Treatment of chronic hyperventilation

Treatment of chronic hyperventilation

This article was written by Ph. D. B. Snitslaar, neurologist, in the 80’s associated with the Phobias project of the Department of Personality Studies of the sub faculty of Psychology at the University of Amsterdam. Later he was employed by the Common Medical Service, Research and Development department, Research section. Although many medical terms are used in this article, it can still provide good background information. Even if you are not a medical doctor and are interested in more accurate information about chronic hyperventilation syndrome, the medical articles on this site may be of interest to you.

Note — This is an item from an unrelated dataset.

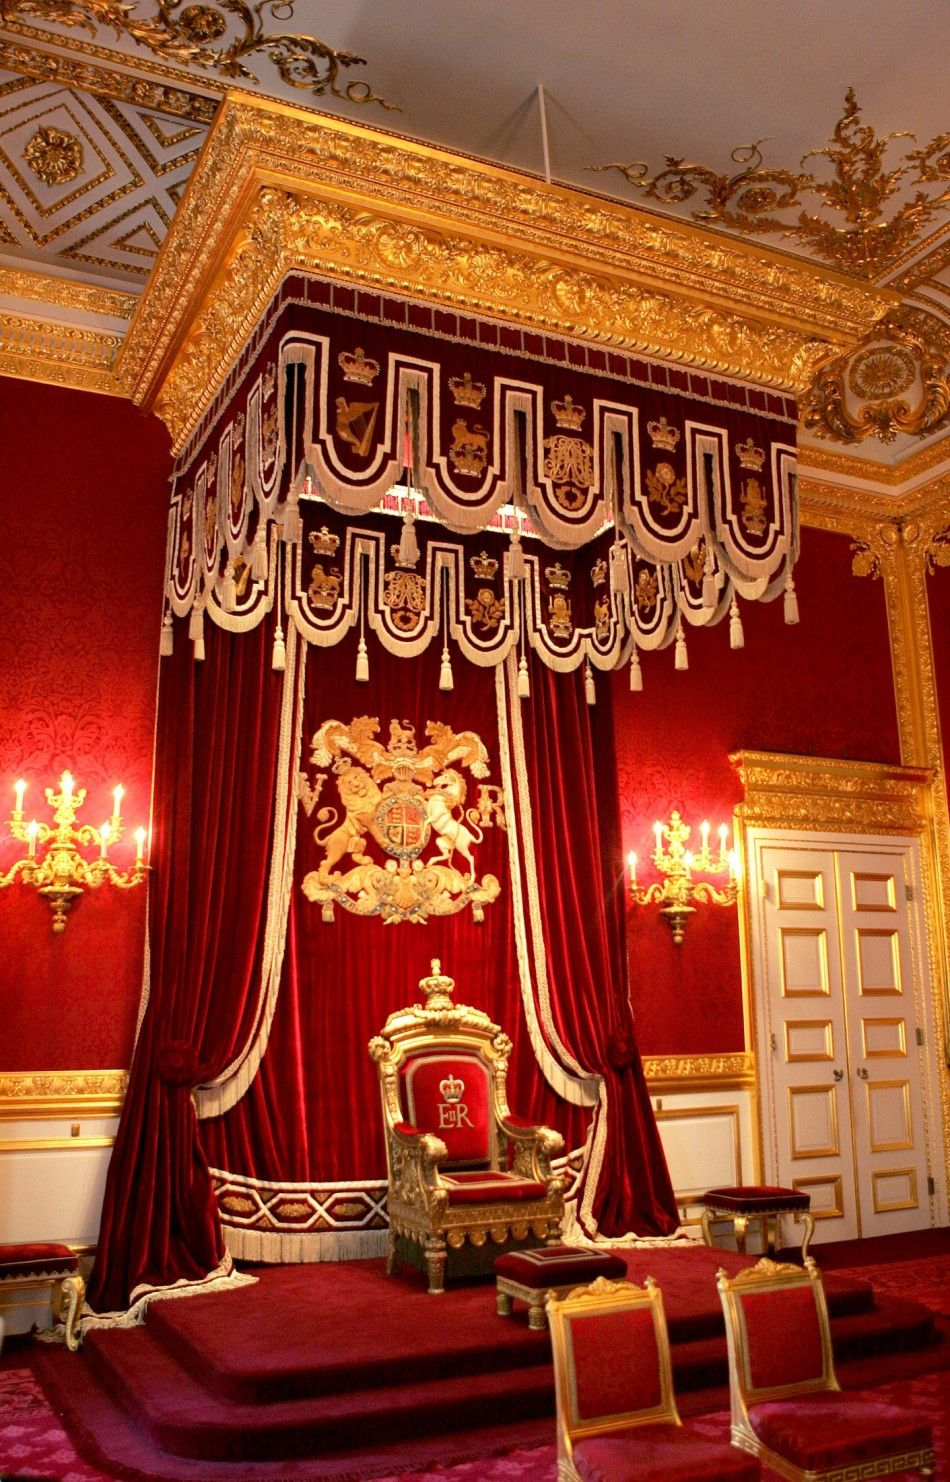 Throne room buckingham palace - Inside Buckingham Palace Queens Room At Buckingham Palace Throne Room

Many cases of chronic hyperventilation are not or insufficiently recognized. Treatment of the chronic hyperventilation syndrome, for example, only focuses on the phobic symptoms with which the patient registers. Depending on the specific skills and beliefs (or lack of them) of the therapist, he or she will apply certain medical treatment, talking therapy or behavioral therapy.

Treatment with medication

Treatment of chronic hyperventilation with drugs usually involves the prescription of anxiolytics from the benzodiazepine group. Of this, the success is variable and often ultimately insufficient. In some patients, imipramine (Trofanil) has an unexpectedly favorable effect, even in relatively low doses (eg 3 times daily 10 mg). The panic attacks occur considerably less frequently and less violently: often after 3-7 days of treatment.

Hyperdynamic-beta-adrenergic state 

Where in patients the hyperdynamic-beta-adrenergic state exists in the context of the syndrome of chronic hyperventilation, a substance such as Inderal appears unequivocally active.

Treatment of chronic hyperventilation with psychotherapy

The result of psychotherapy is limited in our experience and often disappointing. Lege artis performed behavioural therapy seems to benefit the most patients with phobic symptoms. What actually brings about the beneficial effect here is not yet clear. The continuous anticipatory preoccupation for the occurrence of panic / anxiety attacks in the phobic situations can be reduced. As a result, the ventilation level of the person concerned can gradually be brought below a critical threshold value. The development of a respiratory alkalosis is then less easy. This will also break the hyperventilation ->anxiety ->hyperventilation relationship.

Adequate explanation to the patient

Furthermore, adequate explanation to the patient about the phenomena plays a role are of great importance. This significantly improves the treatment of chronic hyperventilation. The doctor should never trivialize the severity of the condition. Through the explanation one gives the sufferer in a certain sense a hold. He or she understands a little more about cause and effect relationships. This reduces the feeling of ‘what could happen’ to the passive and powerless patient.

Re-education of the wrong breathing habits

Several authors have pointed out the beneficial effect of re-education of patients with regard to their wrong breathing habits. Think, for example, of unlearning the frequent deep sighing. Adequate instruction and guidance by an expert physiotherapist may induce the patient to release his (breath-inducing) thoracic breathing in favor of the diaphragmatic (abdominal) breathing type.

Re-education of the respiratory center

The author of this article has positive experience with the re-education of the respiratory center. By learning the respiratory center through disciplined exercises over the course of several months to accept the higher CO2 levels as normal. As a result, the patient loses his or her excessive sensitivity to CO2 again. As a result, he or she is less likely to hyperventilate. In addition, the body will also build up HCO3 buffer again. This leads to a less easy occurrence of the symptoms of respiratory alkalosis. The panic / anxiety states vanish. Also in phobic situations. The anticipatory avoidance behavior is given the opportunity to extinguish. For a detailed explanation of this, see the article on HyperVen therapy.